Richard Galex argued the cause for respondent (Garruto, Galex and Cantor, attorneys).
This appeal presents a difficult exercise in application of the discovery rule. The case arises, as have several recent cases, from an experience of tooth discoloration due to medical treatment with tetracycline antibiotics in early childhood.
The history and principles underlying the discovery rule have been examined by us on numerous occasions, see, e.g., Vispisiano v. Ashland Chemical Co., 107 N.J. 416, 527 A.2d 66 (1987), and need no further elaboration here.
Here the plaintiff was aware of her injury, namely the tooth discoloration, during her childhood, and she was aware of that when she reached the age of maturity. She was also aware that the medication given to her as a child may have caused the discoloration. That is, she was aware of the likely cause of her injury. Thus at the time she reached the age of maturity, she was aware of the state of facts from which she could reasonably learn if they equated in law with a cause of action.

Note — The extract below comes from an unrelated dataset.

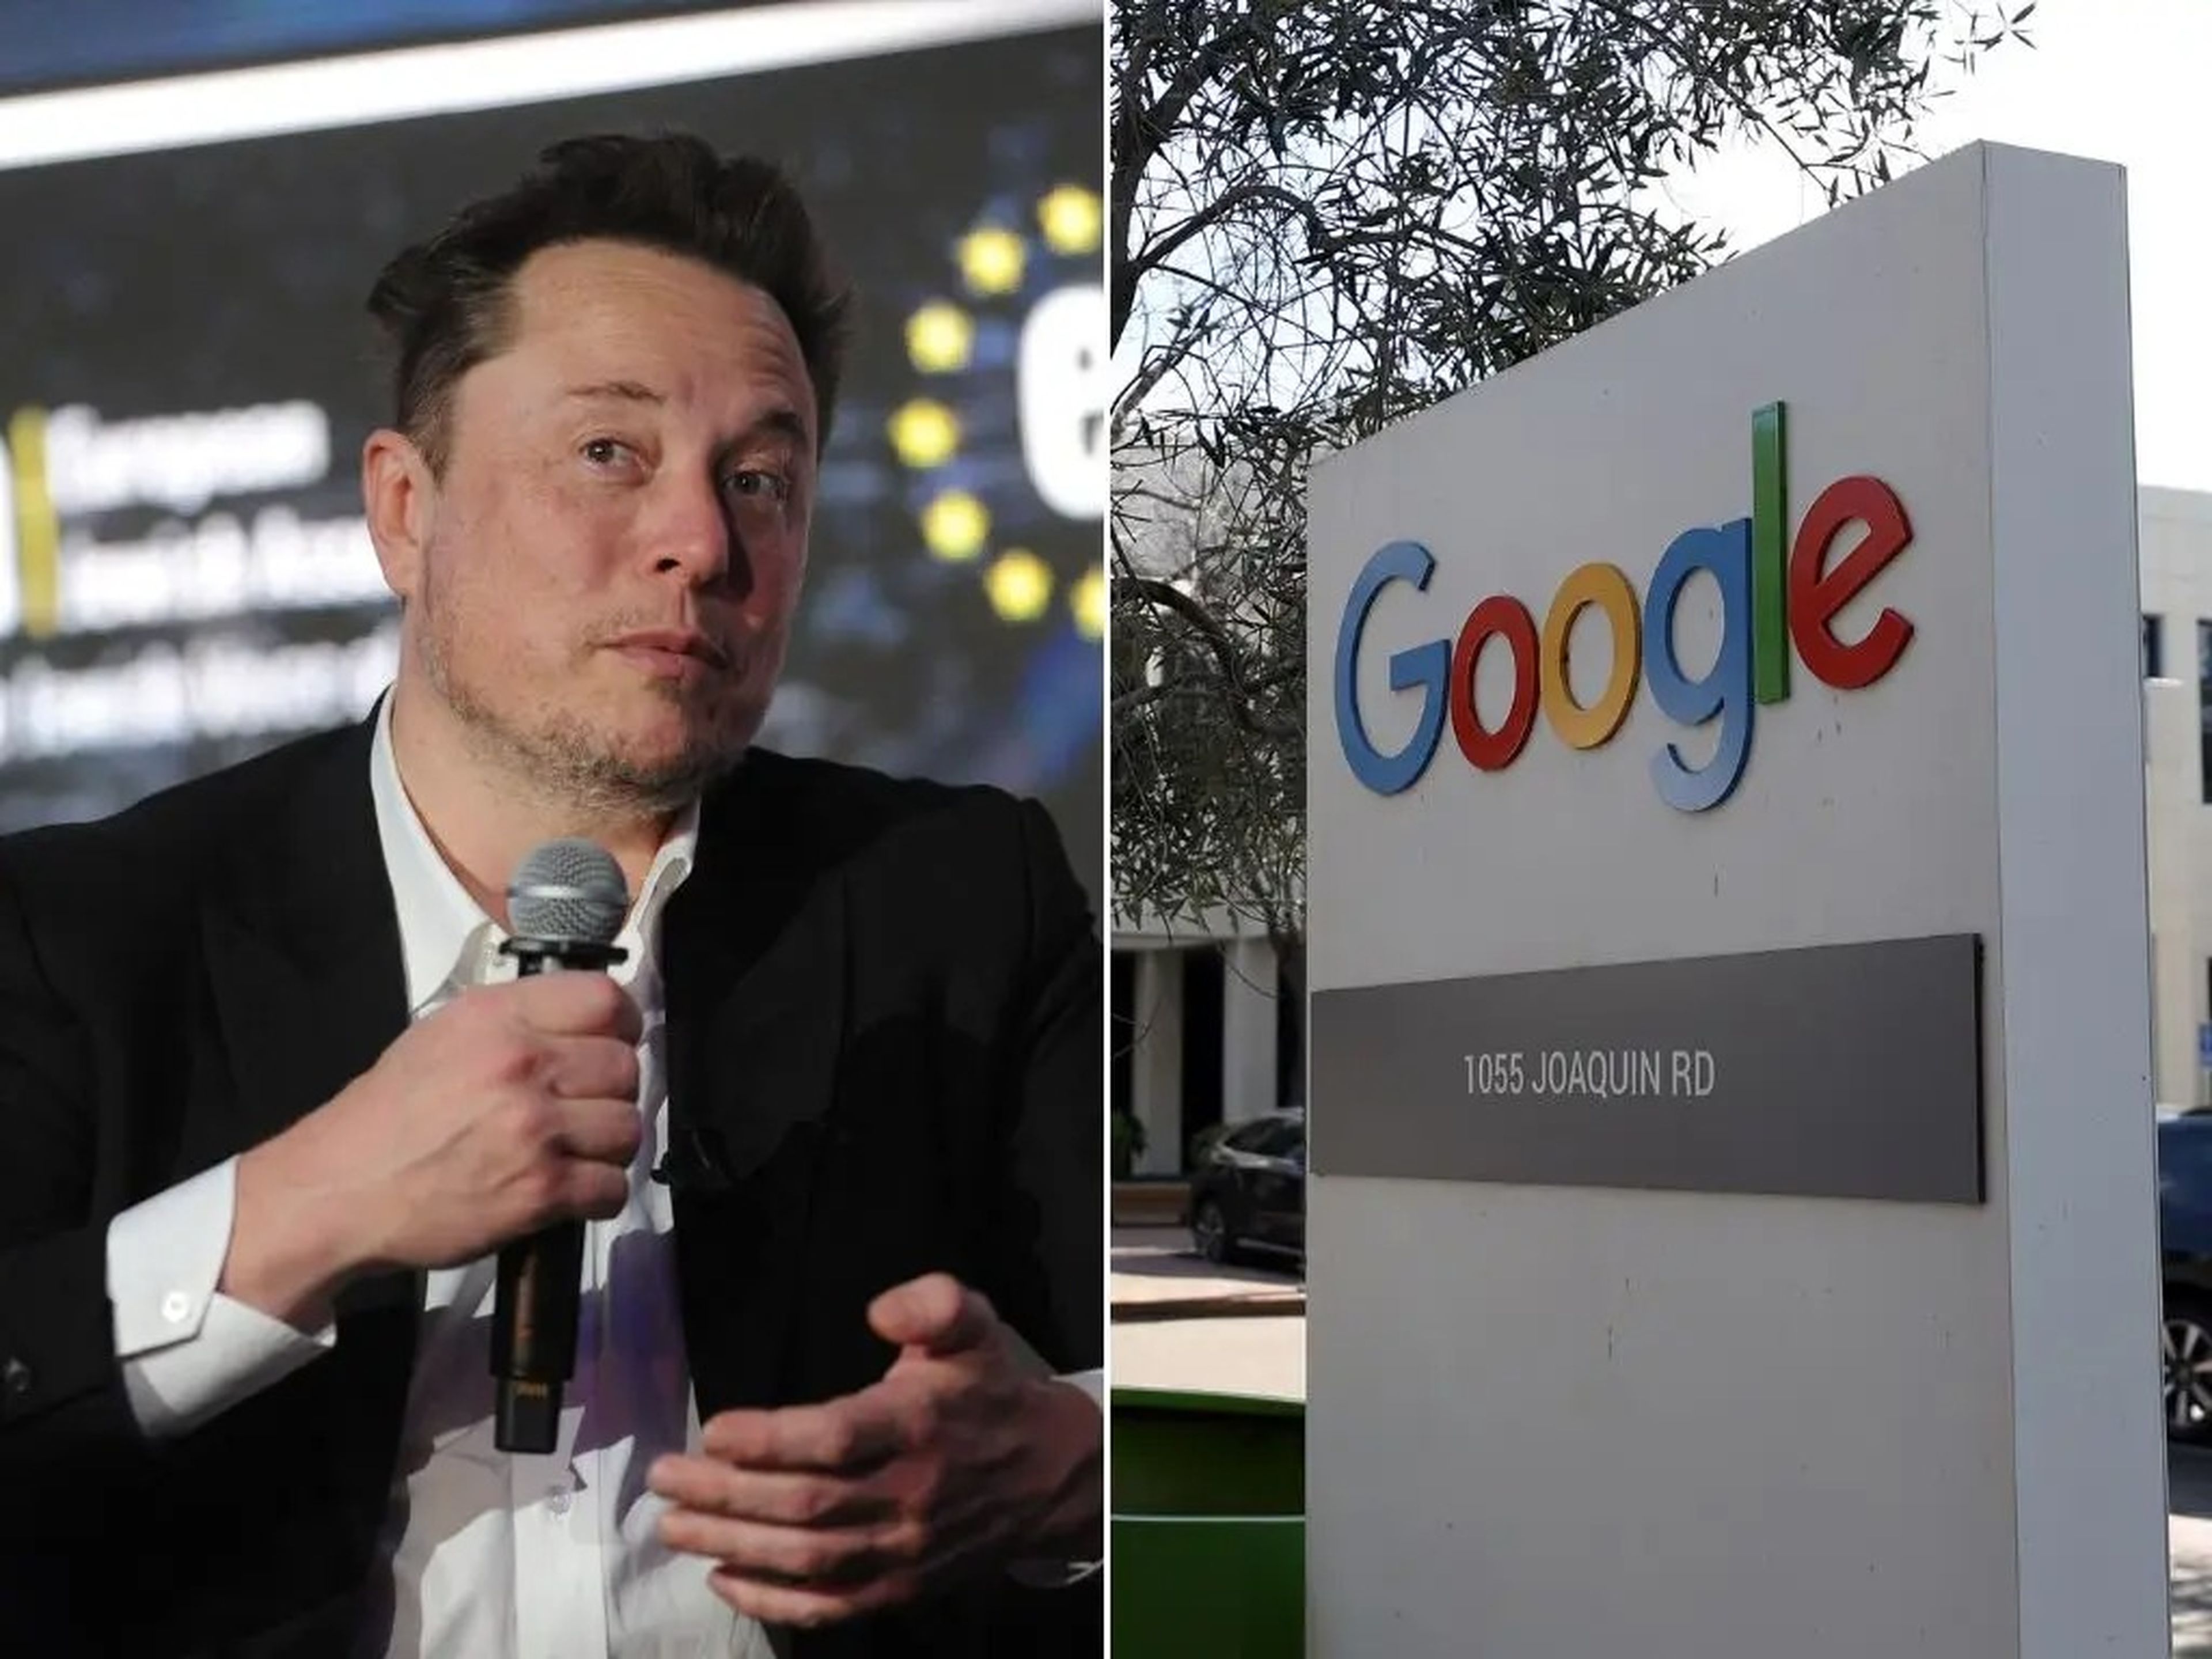 "Me alegro de que a Google se le haya ido la mano con la generación de imágenes de su IA, ya que ha dejado clara su programación racista y contraria a la civilización", ha asegurado Elon Musk.

The Appellate Division reversed, 260 N.J. Super. 417, 616 A.2d 1307 (1992), reasoning that although plaintiff was indeed aware of the fact that she had suffered injury and that medication was a likely cause of the injury, the record did not demonstrate that she was reasonably aware that the injury was due to any fault in the medication or the care given. The Appellate Division distinguished our holding in Apgar v. Lederle Laboratories, 123 N.J. 450, 588 A.2d 380 (1991), which held time-barred the claim by one who knew by the time that she reached her twenty-first birthday that her teeth had been discolored and, based on information from several dentists, that medication she had taken as a child had produced the staining. In that case, however, before the plaintiff was eighteen years old, she was under the belief that the medication "had not been thoroughly tested," and was under the further assumption that "`something [was] not right.'" Id. at 453, 588 A.2d 380. The plaintiff's theory in Apgar was that although she had reason to believe the defective medication had caused her injury, the statute of limitations did not begin to run on her claim until she learned the identities of the manufacturers of the drugs that she had taken. We disagreed because the identities of the drug manufacturers were readily ascertainable from the plaintiff's physicians.

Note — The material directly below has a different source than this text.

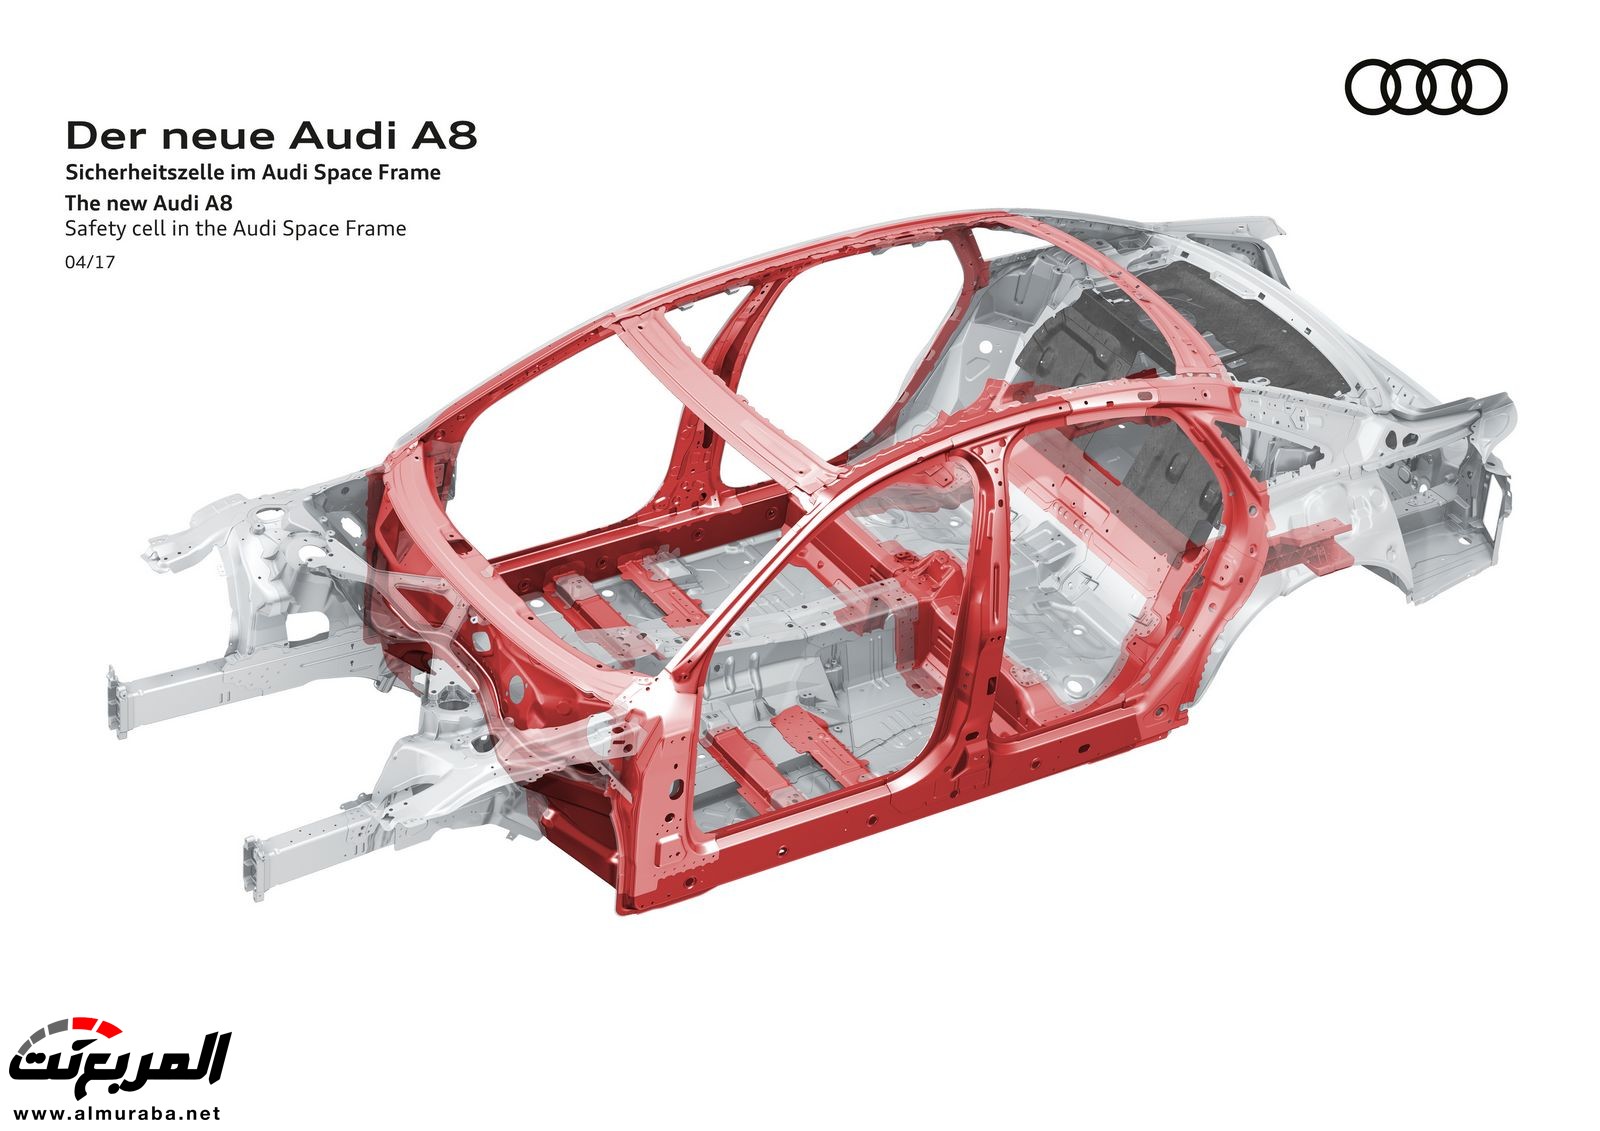 أودي A8 2018 الجديدة كلياً تكشف نفسها بتصميم وتقنيات متطورة "معلومات + 100 صورة" Audi A8 49

*245 We granted the petitions for certification of Old Bridge-Sayreville Medical Group, P.A., and Prystowsky Medical Group, 133 N.J. 433, 627 A.2d 1139 (1993), to review their contention that the Appellate Division's ruling represented a new and unwarranted expansion of discovery-rule doctrine.

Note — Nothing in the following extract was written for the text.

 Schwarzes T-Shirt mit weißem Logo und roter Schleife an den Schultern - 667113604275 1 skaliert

Plaintiff was among that group of children who, in the 1960s, were treated with tetracycline antibiotics for infectious childhood diseases. She was born on January 27, 1961, shortly after the products were introduced. She suffered from childhood disease that required heavy doses of antibiotics. She recalls that when she was nine or ten years old, her mother told her that discoloration of her teeth may have been the result of taking medicine as a child. Her mother, Marilyn Samuel, recalls such a conversation but not its exact year. Mrs. Samuel recalls that she was informed by one of Suzanne's childhood dentists that the discoloration was most likely due to medication that Suzanne had received as a child. Suzanne readily acknowledges that throughout her teens and into her twenties she understood the correlation between the discoloration of her teeth and her childhood medications. She says, however, that it was not until her mother read a 1988 advertisement concerning legal actions for such tetracycline staining that she was aware that she had a claim.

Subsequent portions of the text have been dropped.